Наступило молчание. Потом Сталин медленно поднялся. Подошел к письменному столу. Теперь Баканидзе видел только его спину. Всегда державшийся прямо, Сталин стоял ссутулившись, и серая куртка на спине его натянулась.
Но вот он выпрямился, повернулся, и Баканидзе увидел недобрый блеск в его глазах.
— Ты пришел звать меня к ответу? — медленно, с затаенной угрозой в голосе проговорил он по-грузински.
— Нет, Коба, нет! — по-прежнему по-русски, но с явным волнением ответил Реваз и тоже встал. — Я просто хотел спросить тебя. По-человечески! Как друга… Как коммунист коммуниста… — добавил он уже тише.
И Сталин вдруг понял, что подсознательно ждал этого вопроса, что, наверное, именно поэтому с такой ожесточенной резкостью обнажал перед Ревазом положение на фронтах…

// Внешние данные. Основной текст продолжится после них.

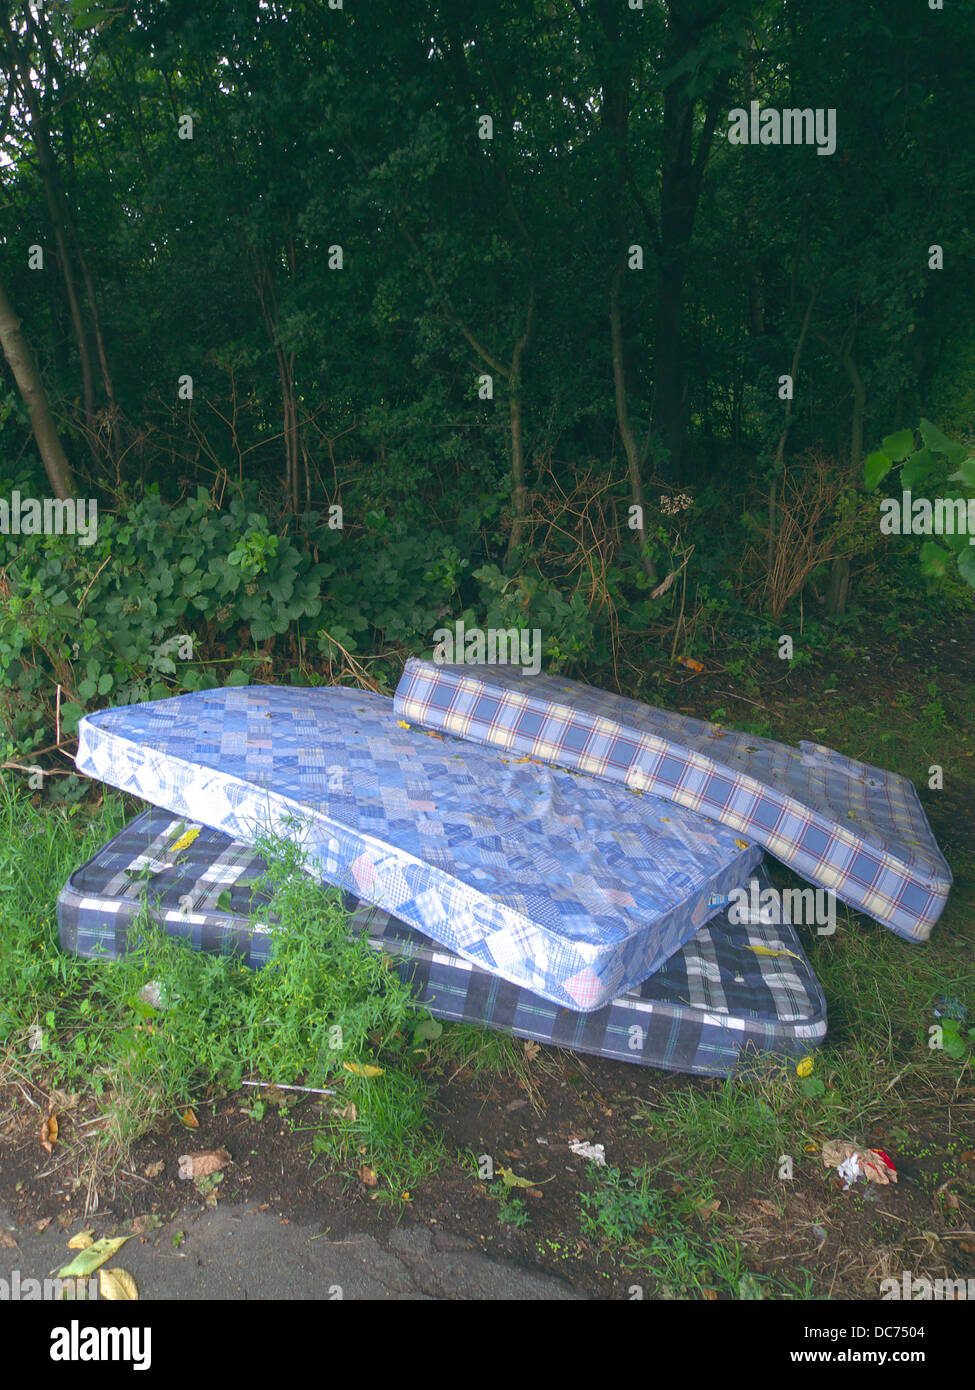 Pile of Dumped Mattresses, UK - Stock Image

И тем не менее, когда вопрос был задан вслух и с такой прямотой, он прозвучал для Сталина неожиданно.
Не глядя на стоявшего Реваза, он заходил взад и вперед, потом снова остановился у письменного стола.
— Хорошо, — глухо произнес он, — я понял твой вопрос и не уйду от него. Но прежде я хочу тоже спросить тебя… Знаешь ли ты, какая сила обрушилась на нас?
— Я слушал твою речь по радио…
— В ней была сказана только часть правды. Но сейчас я могу тебе сказать всю. По данным разведки, против нас сражаются не менее ста девяноста вышколенных, имеющих опыт войны в Европе немецких дивизий. У них на вооружении пять тысяч самолетов, около четырех тысяч танков!..
— А у нас? — быстро спросил Баканидзе.
— Меньше. Гораздо меньше, — тихо ответил Сталин.
— Но почему?!
— Почему? — повышая голос, повторил Сталин. — А тебе известно, как росла оборонная промышленность в предвоенные годы?
— Нет, конечно. Это секретные данные.
— Да, секретные, — с какой-то внутренней яростью повторил Сталин. — Но теперь в этом нет секрета. На тридцать девять процентов ежегодно. Мало?!
— Значит… значит, мало, Коба, — неуверенно проговорил Реваз.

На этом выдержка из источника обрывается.